Ich habe diesen Code gesehen und mich gefragt, ob es möglich ist, etwas einzufügen, das ausgeführt werden soll, wenn diese Codezeile ausgeführt wird:
echo run after_bundle
Antworten:
Für den speziellen Fall
Zitate sind nicht erforderlich. Es ist kein Anführungszeichen erforderlich, da das Argument
echo
statische Zeichenfolgen sind, die keine Variablenerweiterungen oder Befehlsersetzungen usw. enthalten. Es handelt sich um "nur zwei Wörter" (und wie Stéphane betont , werden sie zusätzlich aus dem tragbaren Zeichensatz erstellt ).Die "Gefahr" entsteht, wenn Sie mit variablen Daten arbeiten, die die Shell erweitern oder interpretieren kann. In solchen Fällen muss darauf geachtet werden, dass die Shell das Richtige tut und das Ergebnis dem entspricht, was beabsichtigt ist.
Die folgenden zwei Fragen enthalten relevante Informationen dazu:
echo
wird manchmal verwendet, um potenziell schädliche Befehle in Antworten auf dieser Site zu "schützen". Zum Beispiel kann ich zeigen, wie Dateien mit entfernt oder an ein neues Ziel verschoben werdenoder
Dies würde Befehle auf dem Terminal ausgeben, anstatt Dateien tatsächlich zu entfernen oder umzubenennen.
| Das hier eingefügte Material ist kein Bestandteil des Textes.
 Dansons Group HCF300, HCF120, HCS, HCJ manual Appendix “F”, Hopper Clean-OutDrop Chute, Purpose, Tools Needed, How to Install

Der Benutzer kann dann die Befehle überprüfen, entscheiden, dass sie in Ordnung aussehen, sie entfernen
echo
und erneut ausführen.Ihr Befehl
echo run after_bundle
kann eine Anweisung an den Benutzer sein, oder es kann sich um einen "auskommentierten" Code handeln, der zu gefährlich ist, um ausgeführt zu werden, ohne die Konsequenzen zu kennen.Mit
echo
wie dieser, muss man wissen , was die modifizierte Befehl tut und man muss sicherstellen , dass der modifizierte Befehl tatsächlich ist sicher (es wäre möglicherweise nicht , wenn es Umleitungen enthalten ist , und es auf einer Pipeline mit nicht funktioniert, etc.)quelle
echo rm "first file.txt" "second file.txt"
in irgendeiner Weise anders istecho rm "first" "file.txt" "second" "file.txt"
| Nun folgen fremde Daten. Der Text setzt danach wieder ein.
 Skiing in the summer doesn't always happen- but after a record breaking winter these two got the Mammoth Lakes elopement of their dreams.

, da die Ausgabe von beiden gleich ist. Wenn Sie einen Shell-Befehl als Ausgabe generieren möchten, müssen Sie einenprintf '%q ' rm "first file.txt" "second file.txt"; echo
oder einen entsprechenden Befehl verwenden , der syntaktische Anführungszeichen neu generiert, die als übergeben ausgewertet werdenargv
.sh
ist kein ungewöhnliches Muster. Die Leute fragen: "Warum funktioniert dasfoo
, wenn ich es in einer Befehlszeile ausführe, aber dieses Skript, das genau diese Zeichenfolge mitecho
vor der Zeile ausgibt, tut dies nicht." "" passiert die ganze Zeit hier. Das Debuggen der Ausgabe ist nicht hilfreich, wenn es Ihre Fehler verbirgt - und wenn Ihre Fehler mit dem Zitieren zusammenhängen,echo
werden sie nicht angezeigt.Nur eine zusätzliche Anmerkung zu @ Kusalanandas guter Antwort .
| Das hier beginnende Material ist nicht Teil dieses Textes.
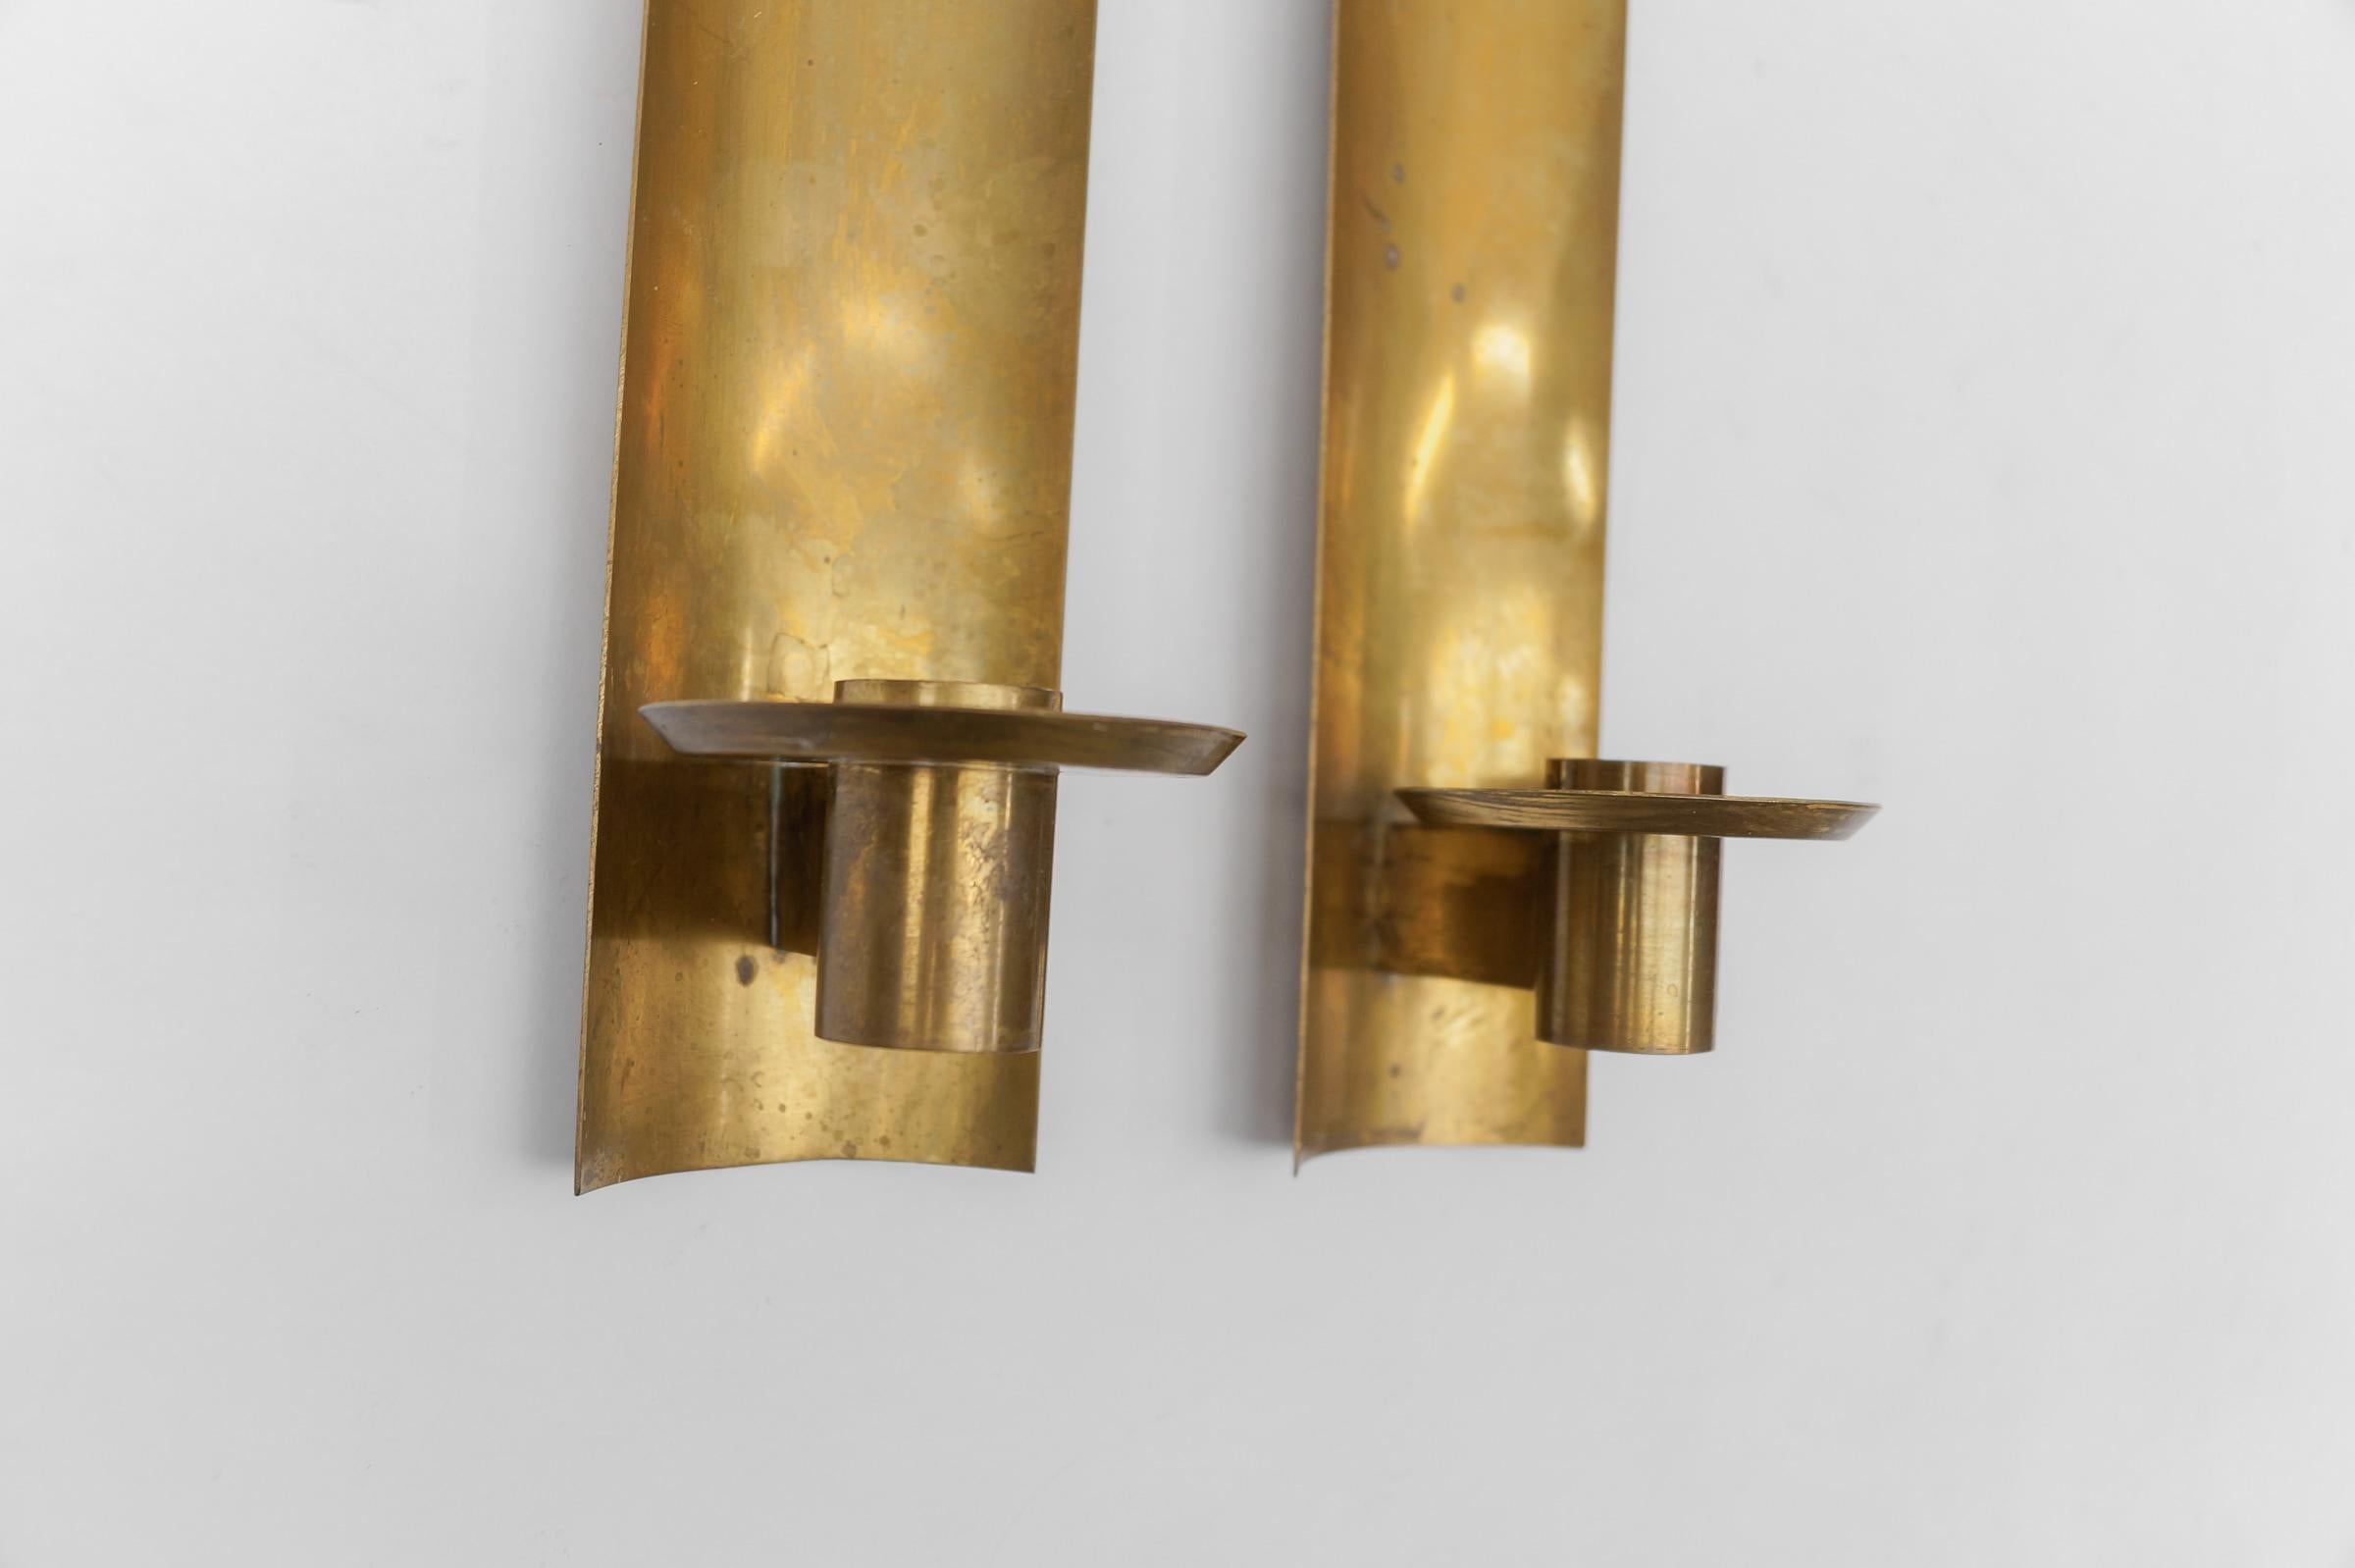 Awesome Pair of Brass Wall Candle Holder, 1950s Austria For Sale 1

ist in Ordnung, da keines der Zeichen in diesen 3 Argumenten¹ an übergeben wurde
echo
Zeichen enthält, die für die Shell speziell sind.Und (der zusätzliche Punkt, den ich hier ansprechen möchte) es gibt kein Systemgebietsschema, in dem diese Bytes in Zeichen übersetzt werden könnten, die für die Shell speziell sind.
Alle diese Zeichen befinden sich in dem, was POSIX als tragbaren Zeichensatz bezeichnet . Diese Zeichen sollten in allen Zeichensätzen auf einem POSIX-System² vorhanden und gleich codiert sein.
Diese Befehlszeile wird also unabhängig vom Gebietsschema gleich interpretiert.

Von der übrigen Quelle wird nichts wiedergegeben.